Mengenal dan Mencegah Ransomware

Apa itu Ransomware?

Ransomware berasal dari dua suku kata, yakni ransom (tebusan) dan malware. Secara umum ransomware merupakan jenis malware yang dapat melakukan manipulasi terhadap berkas agar tidak dapat diakses oleh pengguna, kemudian meminta tebusan kepada pengguna jika ingin berkasnya dapat diakses kembali.
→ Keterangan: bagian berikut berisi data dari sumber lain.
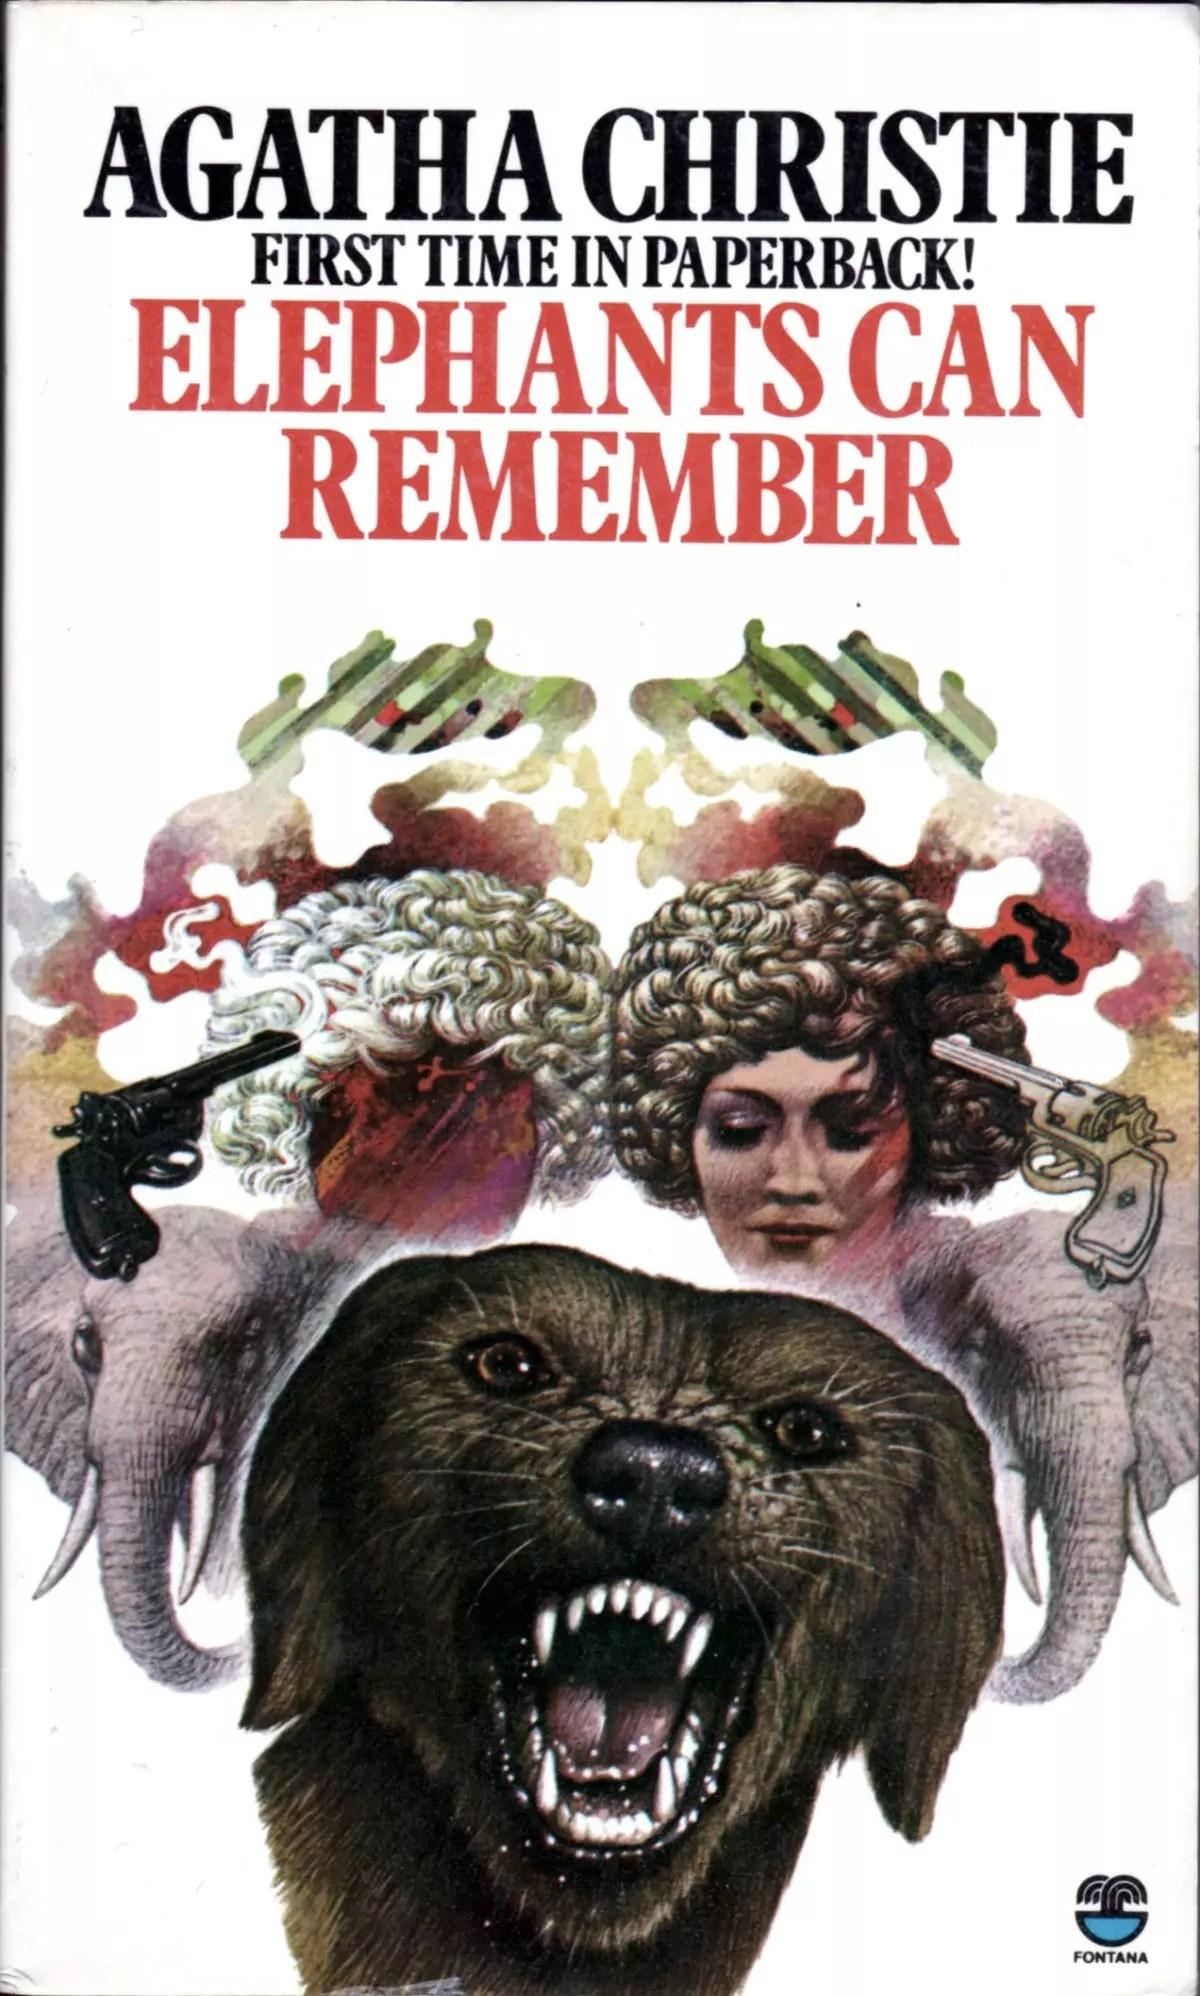 Agatha Christie Tom Adams Elephants Can Remember Fontana 1975
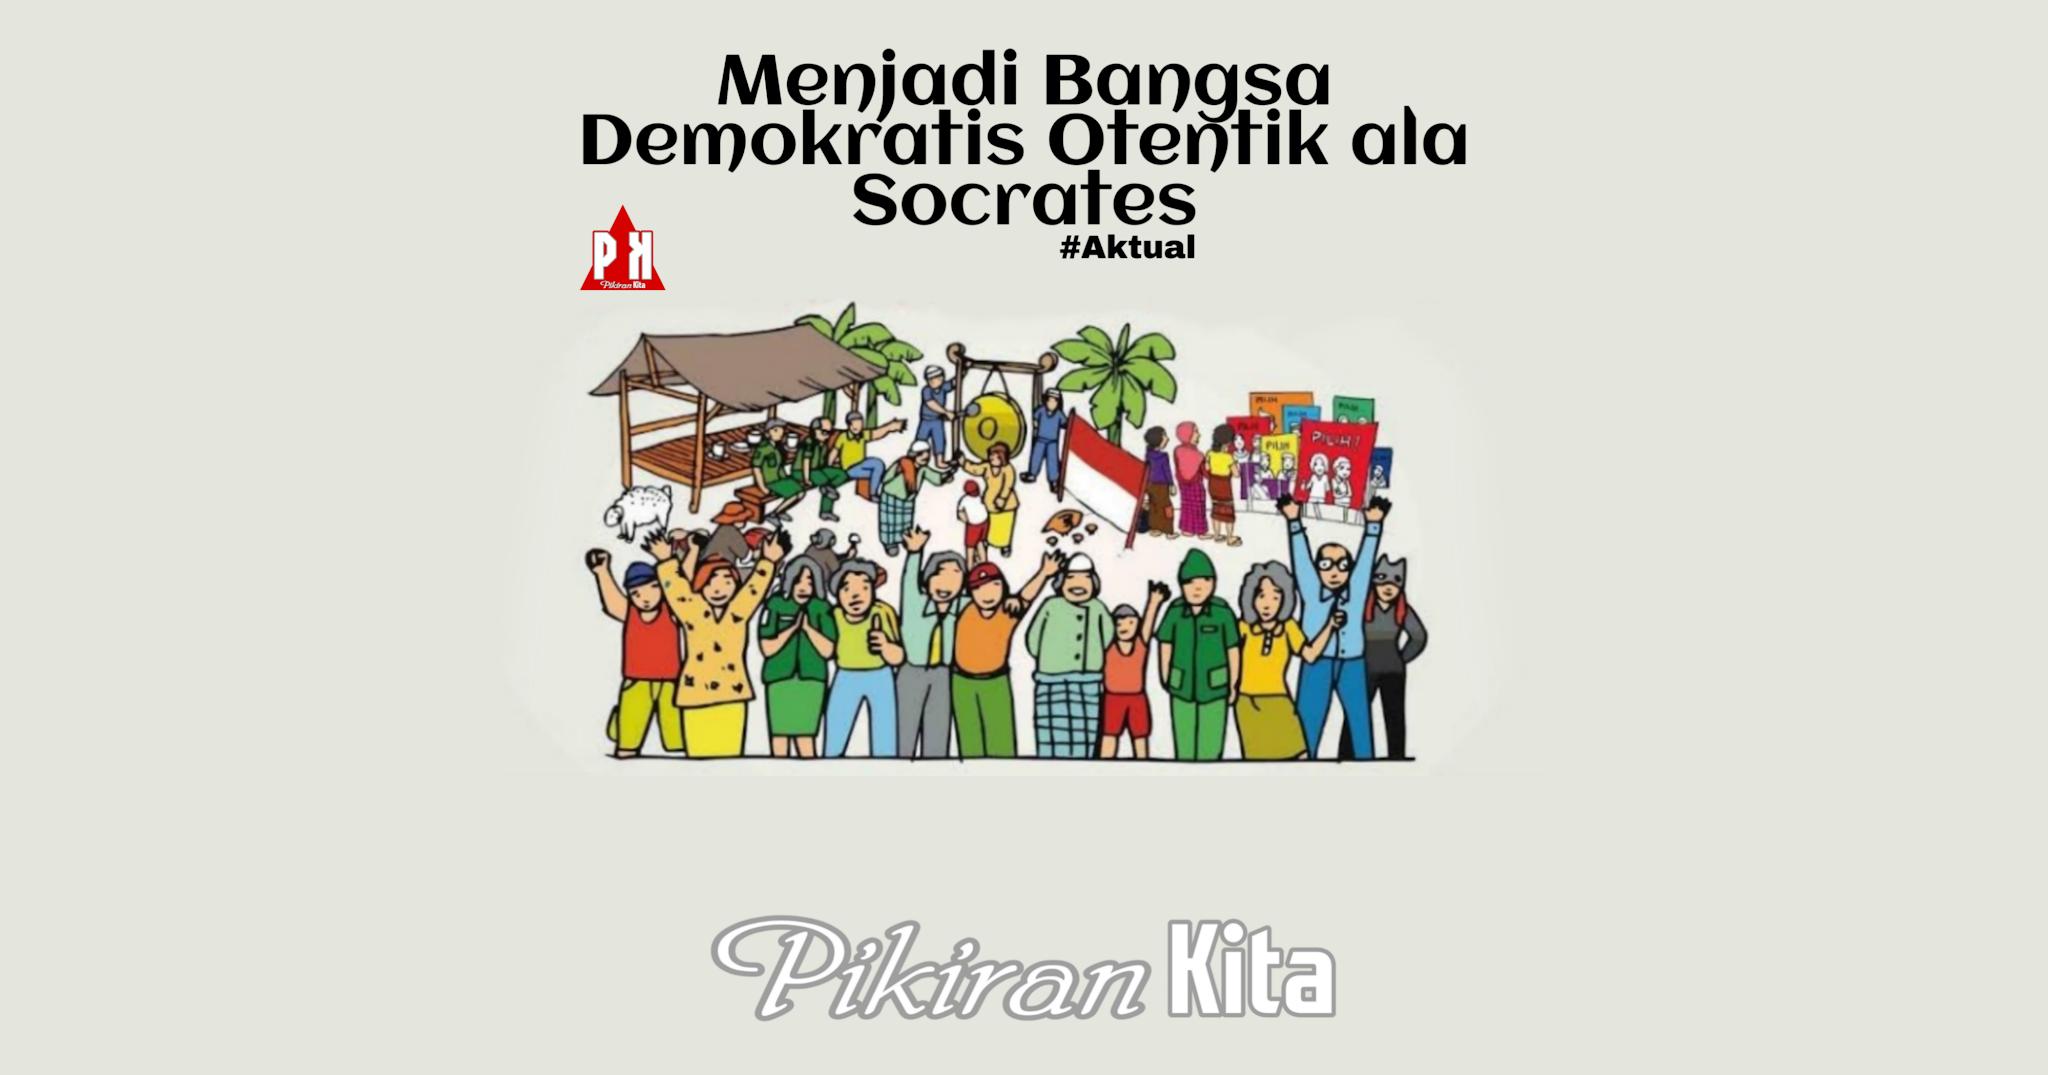 Menjadi Bangsa Demokratis Otentik ala Socrates

Versi pertama dari ransomware adalah pada era 1980-an, dan metode pembayarannya masih menggunakan Snail Mail (pengiriman melalui surat fisik). Berbeda dengan saat ini, dimana pembuat ransomware dapat memanfaatkan cryptocurrency sebagai pilihan pembayaran.

Penyebaran Ransomware

Saat ini cukup banyak jalur yang dapat menjadi celah masuk dari ransomware. Umunya celah keamanan yang sering dimanfaatkan adalah phising dan social engineering.

Dalam phising, penyerang mencoba memperdaya target dengan mengirimkan jebakan berbahaya dengan terlebih dahulu mengetahui target. Target dalam hal ini tidak berarti hanya satu user, namun sekumpulan user dengan ketertarikan sama. Riset yang dilakukan penyerang sering disebut sebagai social engineering.

Jalur penyebaran lainnya adalah malvertising, yakni memanfaatkan wadah iklan di sebuah website untuk melakukan infeksi. Tidak hanya website owner yang memamng memiliki niat jahat, akan tetapi website yang terpercaya sekalipun dapat berkontribusi dalam penyebaran ransomware jika memiliki sistem keamanan yang lemah. Dalam kondisi tersebut website berpotensi terkena serangan dan website dimanfaatkan oleh penyerang untuk menyebarkan ransomware.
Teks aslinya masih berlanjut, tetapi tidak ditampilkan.